◆ **Task to carry out**
Only the text belongs in the copy. Transcribe the data exactly and drop any pictures.

◆ **Information supplied**

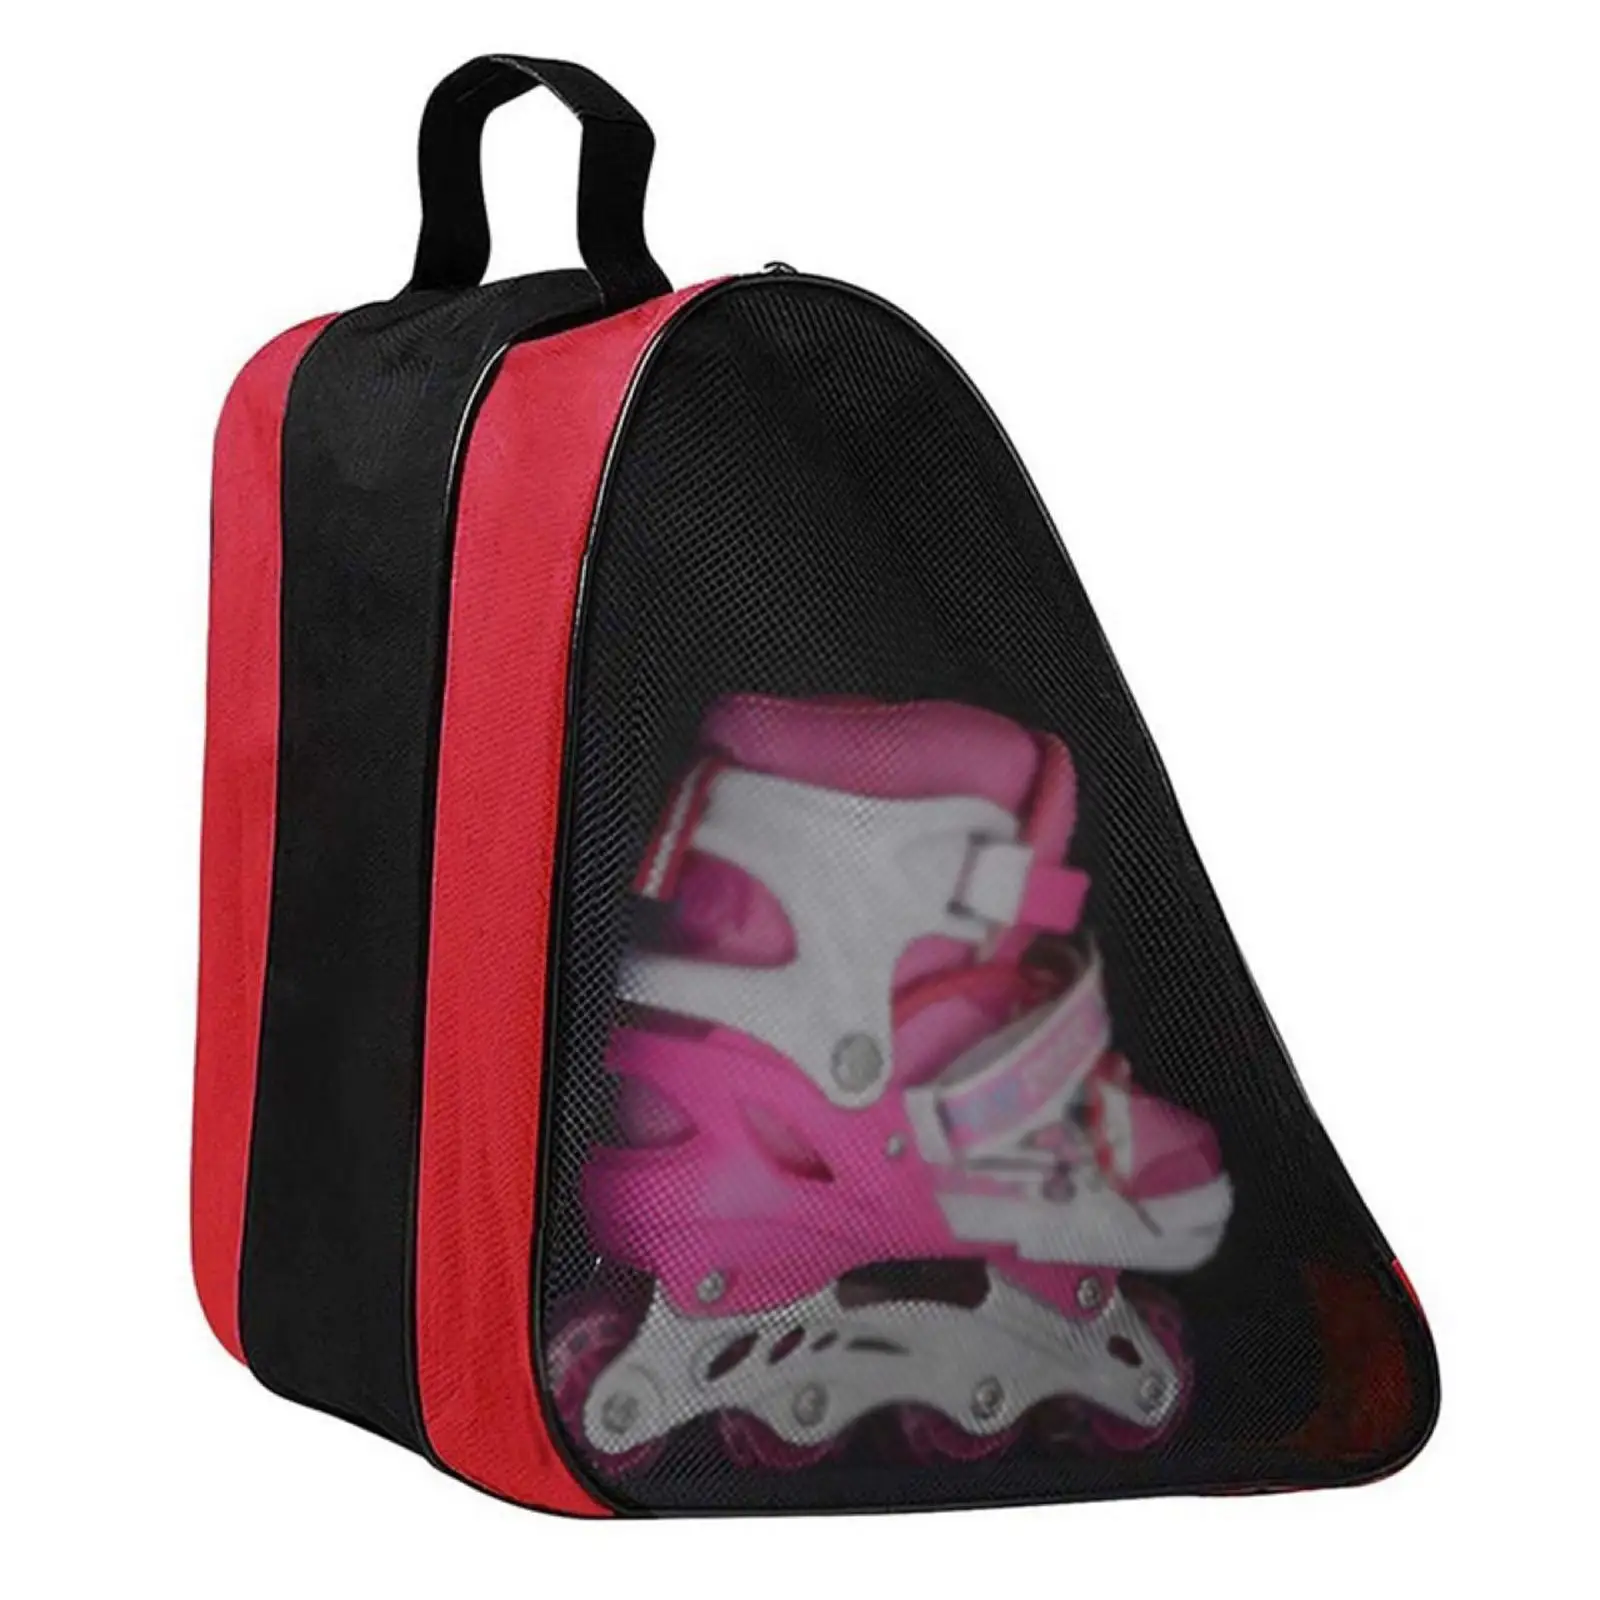 Triangle Skating Bag Shoulder Strap Adjustable Backpack Ice Skating Holder Accessories Oxford Cloth carry for Men Adult Kid
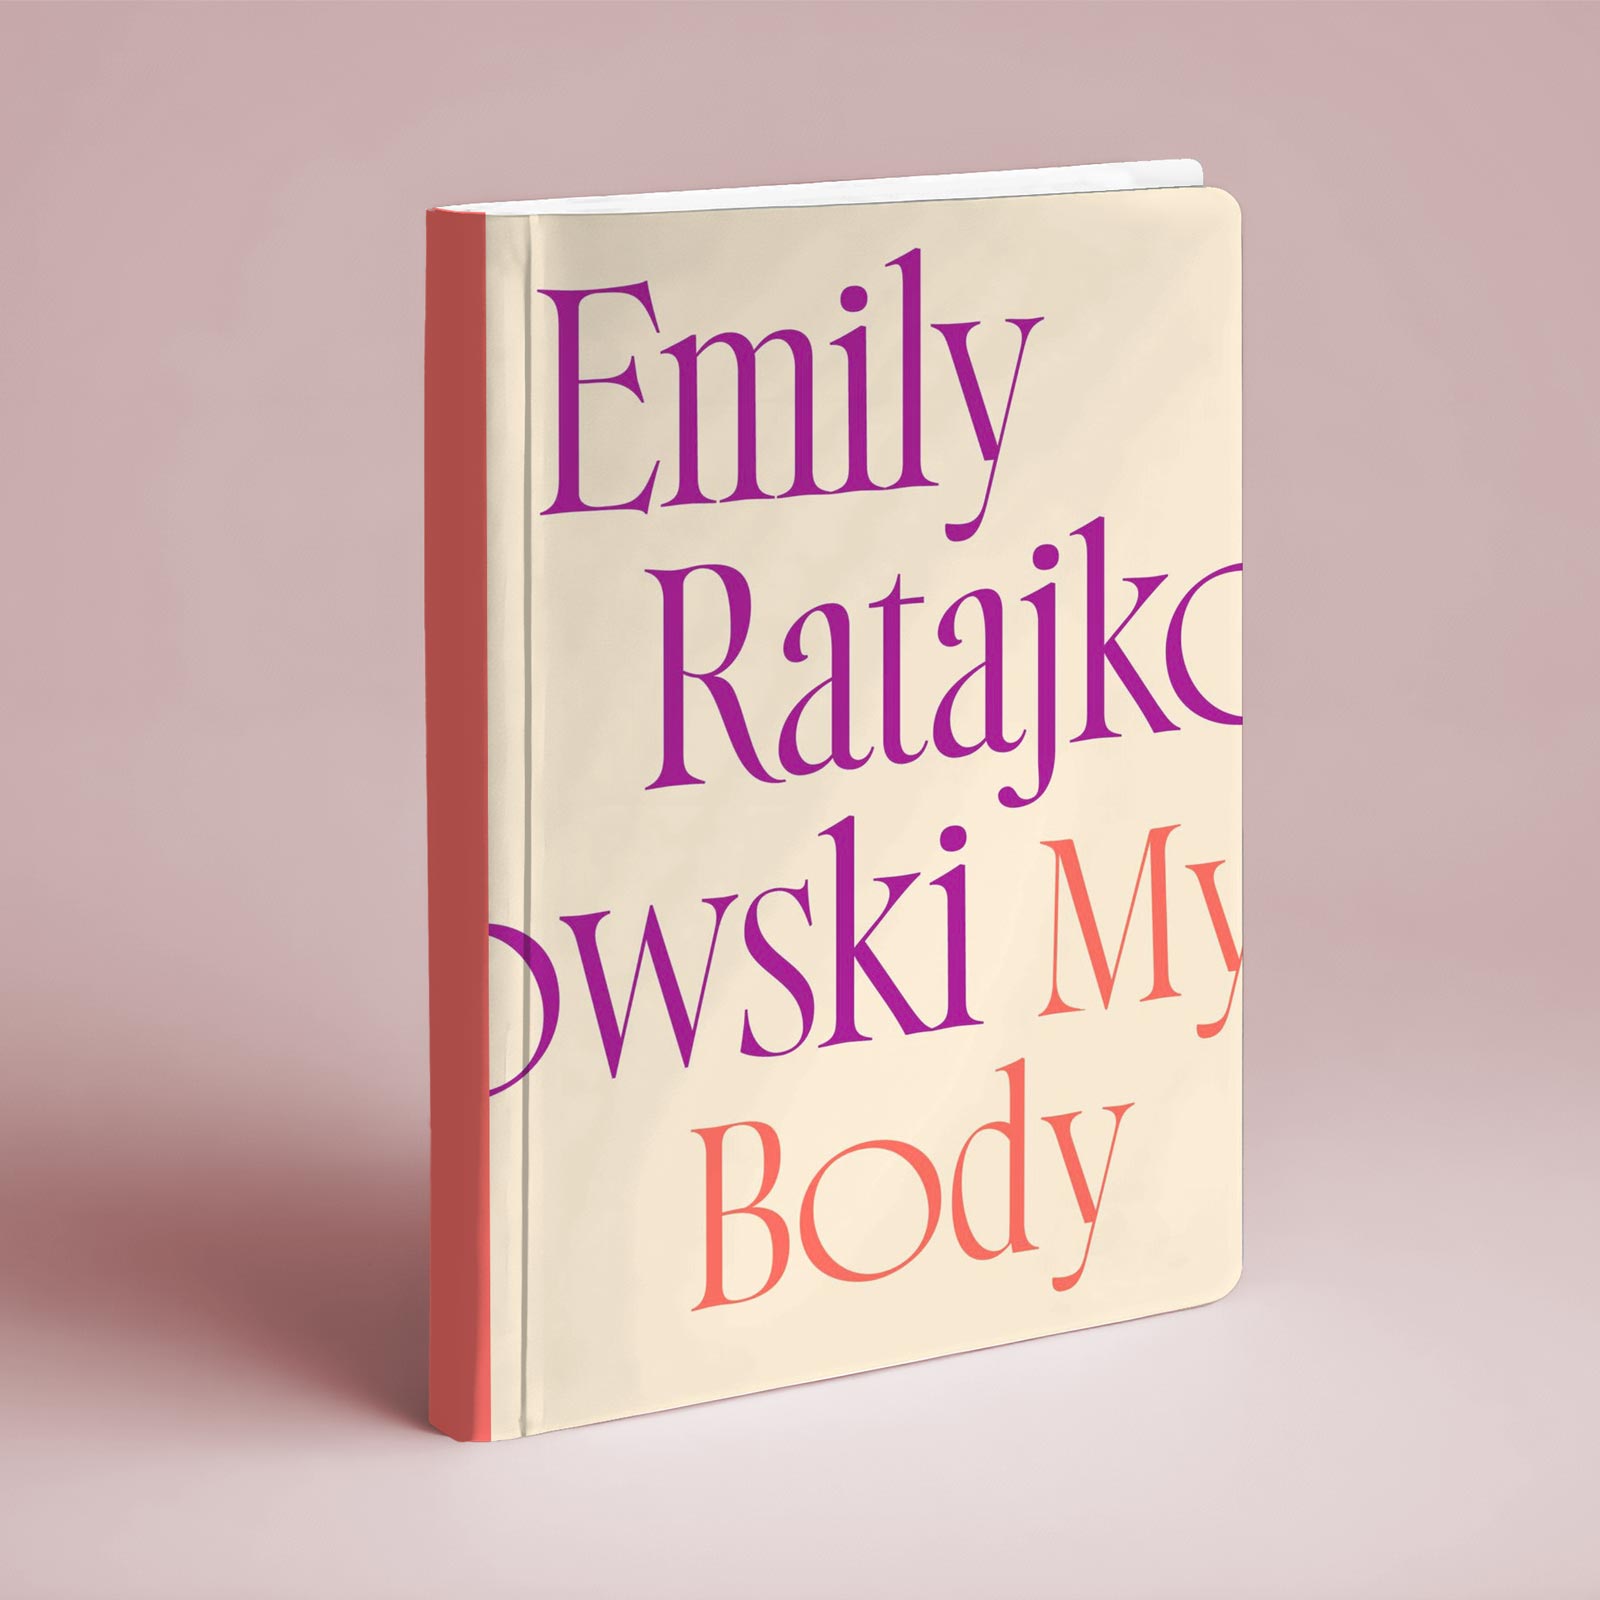 My Body by Emily Ratajkowski
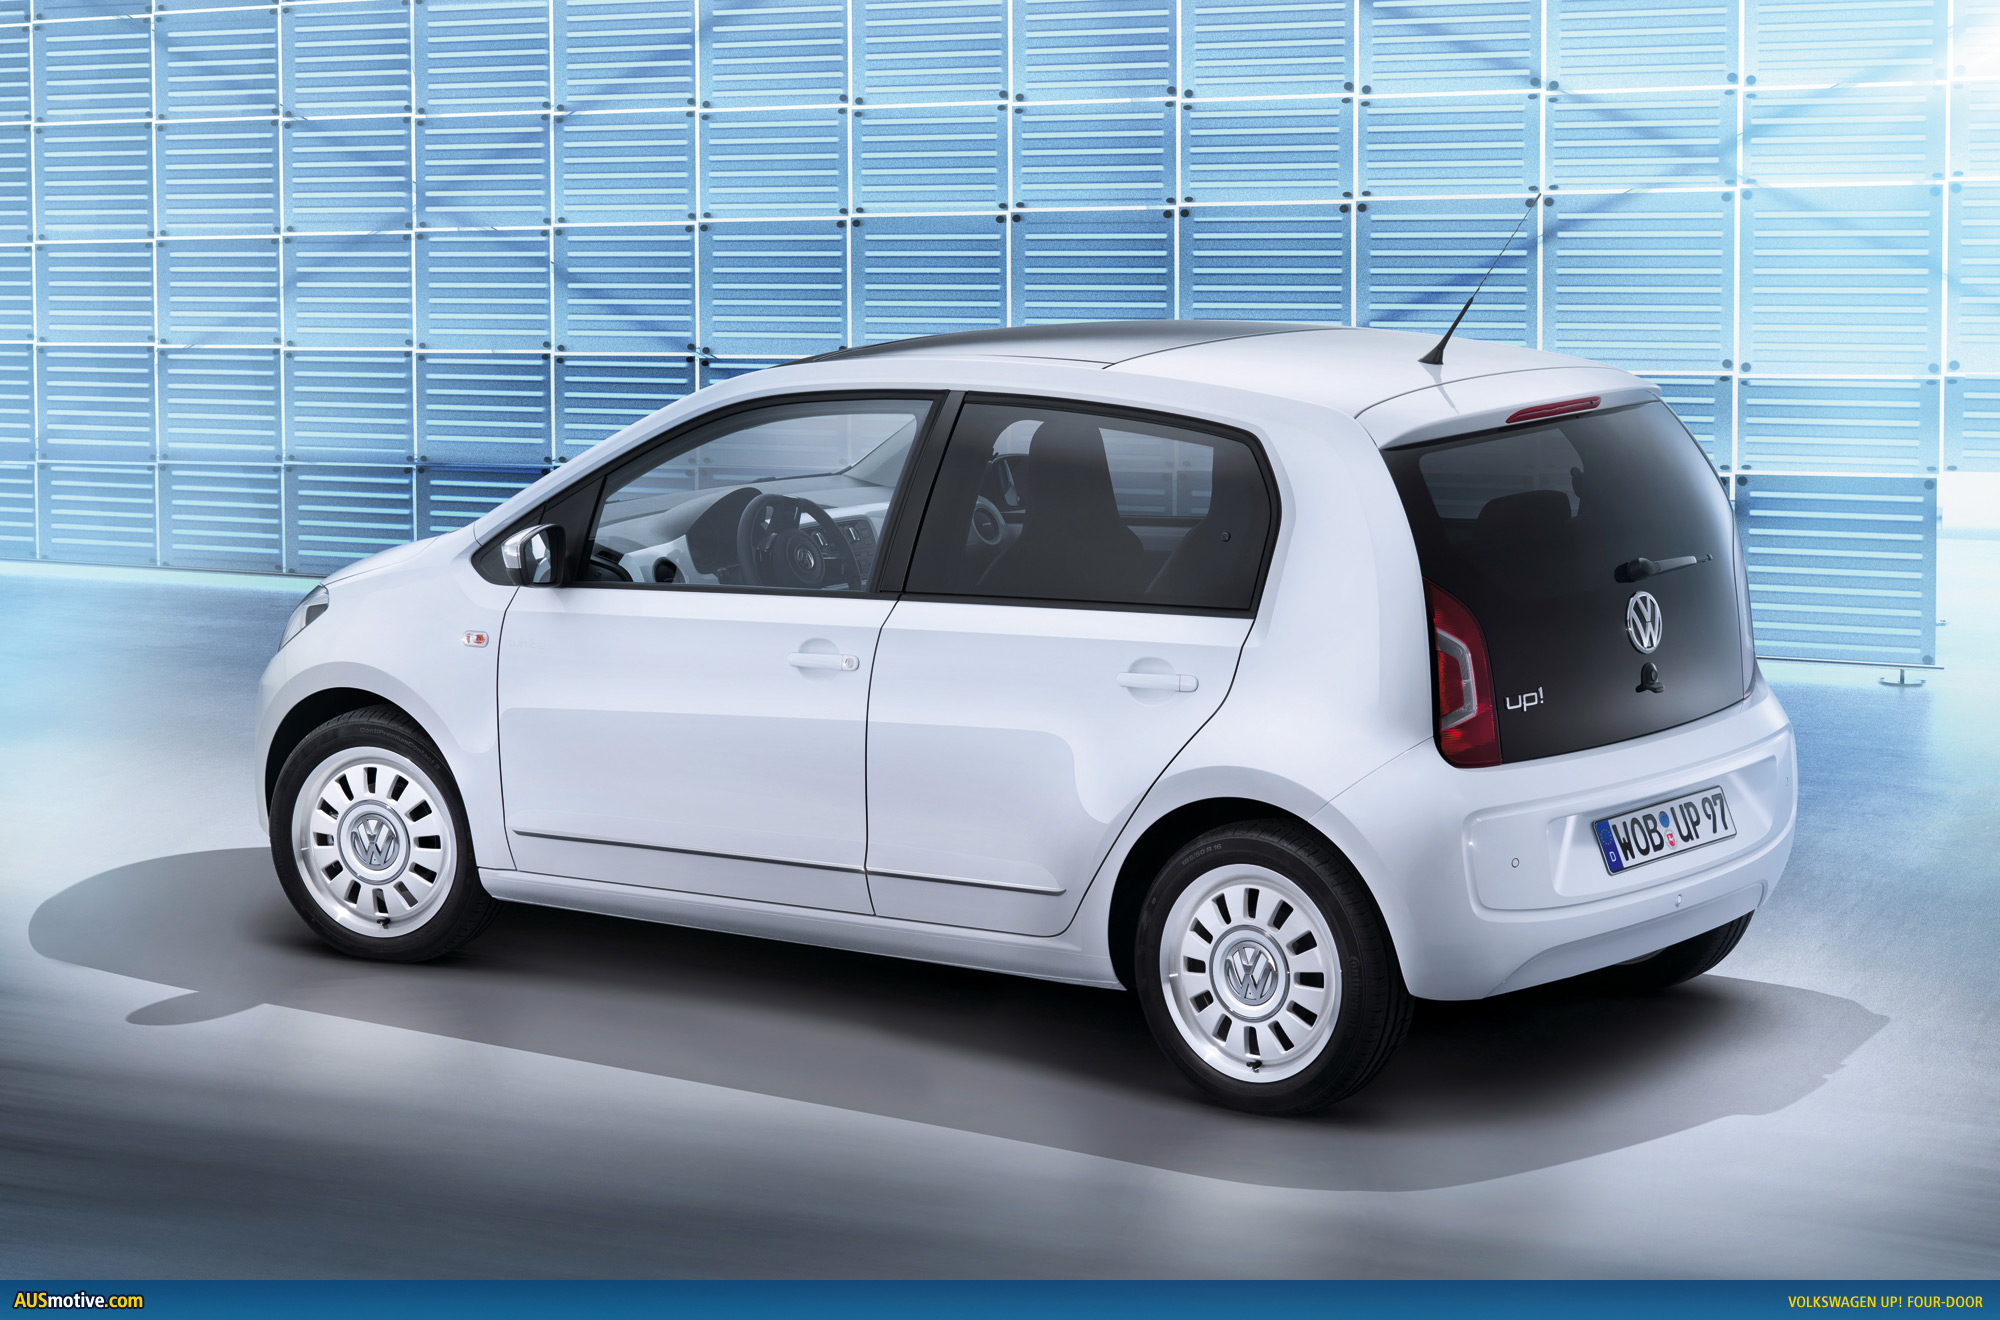 boete reptielen Banyan AUSmotive.com » Volkswagen up! opens new doors

◆ **Answer for this exercise**
 Triangle Skating Bag Shoulder Strap Adjustable Backpack Ice Skating Holder Accessories Oxford Cloth carry for Men Adult Kid
 My Body by Emily Ratajkowski
 boete reptielen Banyan AUSmotive.com » Volkswagen up! opens new doors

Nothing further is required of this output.